(AP) - Shannon and Jason Blake traded life in the booming Dallas suburb of Frisco last year for a farmhouse and 30 acres outside of McKinney, about 10 miles away.
They turned some of the new land into a makeshift running track for their six young kids, who are homeschooled, and they cherish the freedom to use their property the way they wish. When McKinney told them in September that it planned to expand its borders to include their land and about 4,000 more unincorporated acres, the Blakes and their neighbors pushed back, fearing new property restrictions, regulations and taxes. McKinney abandoned the plan earlier this month.
"We bought this land to use it in the manner we purchased it, which is to hunt, shoot fireworks, build without city permits," Shannon Blake said. "To have those freedoms just taken away was not OK with us."

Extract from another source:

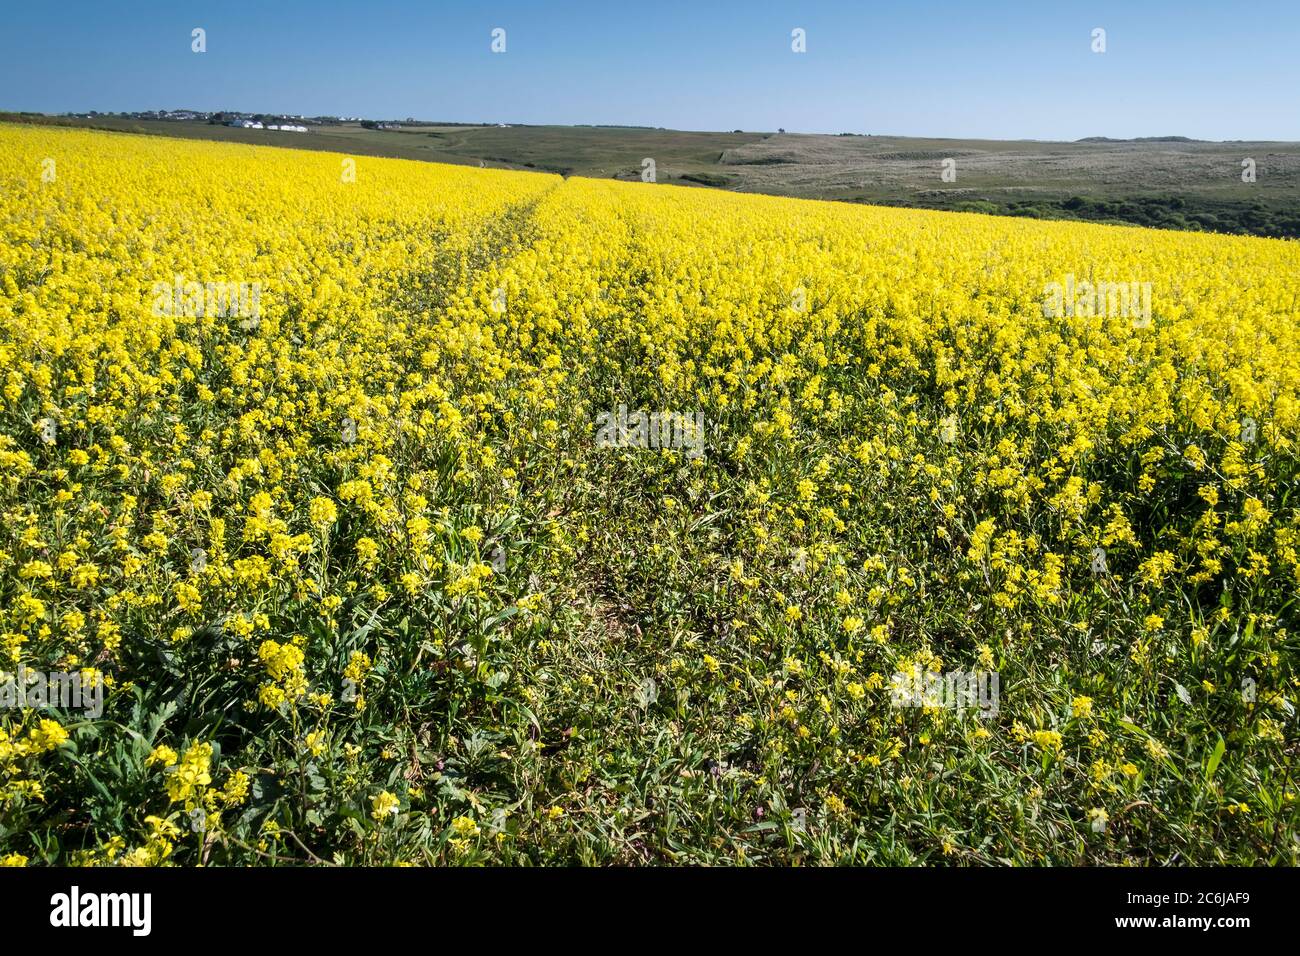 Le jaune intense de la moutarde sauvage Sinapsis avensis poussant dans un champ au champs arables Projet sur West Pentire à Newquay en Cornouailles. Banque D'Images

Texas is unusual in that it leaves it to city councils to annex unincorporated land and doesn't require the approval of some other governing body. But the Republican-led Legislature has become increasingly sympathetic to homeowners like the Blakes, and on Friday a law will take effect giving voters in the more populated unincorporated areas the right to reject a city's attempt to annex their land.
Critics say the new law is an example of state overreach and could have dire consequences for Texas' burgeoning cities, depriving them of the room to grow and the ability to expand their taxing authority and streamline services.

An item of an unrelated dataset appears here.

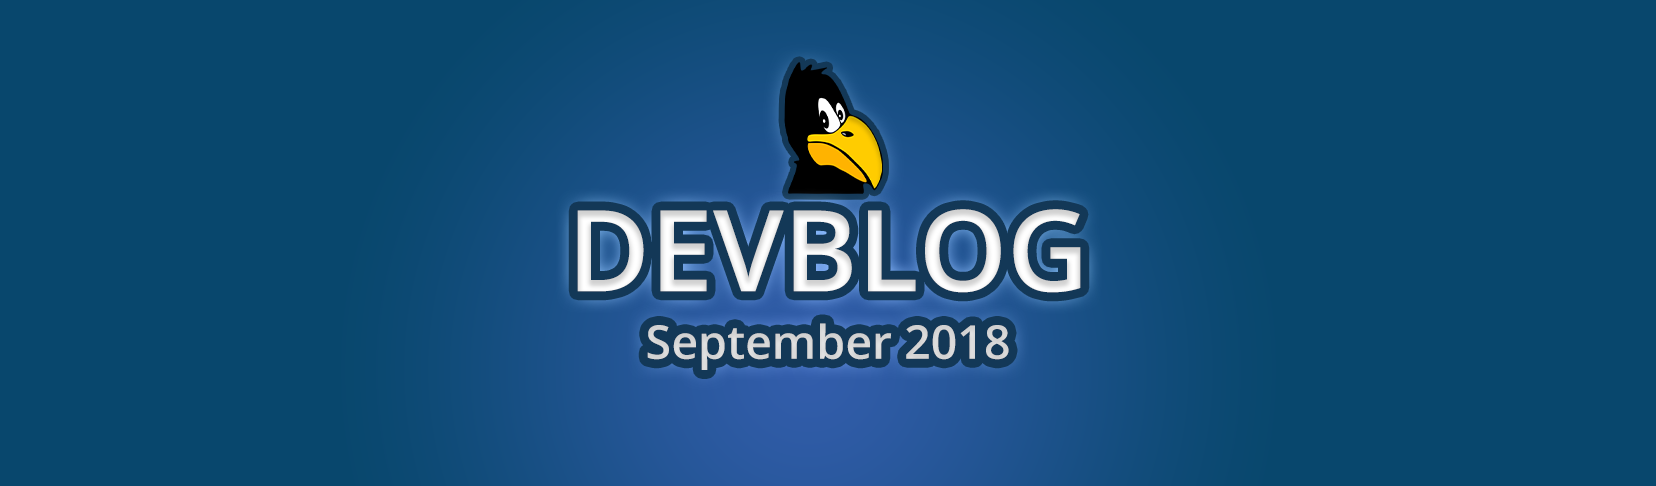 Devblog September 2018

The annexation battles have played out in the suburbs of Dallas, the countryside west of Fort Worth and near the sprawling Central Texas Army post of Fort Hood, among other places.
Courtney Butler and her neighbors organized after learning in August that Weatherford, near Fort Worth, was seeking to annex more than 1,000 acres, including their land. Butler, a 42-year-old school librarian with three small children, saw the move as a threat to the property rights of those whose land has been in their families for generations.
Weatherford officials said at the time that they were simply trying to manage development in the fast-growing region. But the argument carried little weight among Butler and others who saw it as a land grab. Weatherford abandoned its plan in September.
"Our No. 1 concern was that we were not going to be able to use the land as we've been doing," Butler said. "I think what the cities are going to have to do when they're looking to annex is they're going to have to work with you rather than just take you over."
The Texas Municipal League is among the chief critics of the new law. Its executive director, Bennett Sandlin, notes that cities in some states get up to 40 percent of their revenue from the legislature, but Texas ranks 48th when it comes to the amount of per capita aid it provides to its cities. This makes Texas cities heavily reliant on sales and property taxes for revenue to provide services, he said.
"You can't rely on your cities and give them nothing," Sandlin said. "That's a dangerous combination."
Several dozen cities in Texas have undertaken annexation at some point this year, he said, but a firm number isn't available because no agency tracks it.
Jim Brooks, director of the Center for City Solutions at the National League of Cities, argues that Dallas, Fort Worth and other cities in the Metroplex have shown how growth can be properly managed.
"As job growth and wealth growth and housing growth have come to these municipalities they've demonstrated that they're figuring it out and they've been largely successful and can manage this effort without interference of the state saying it can do things better," he said.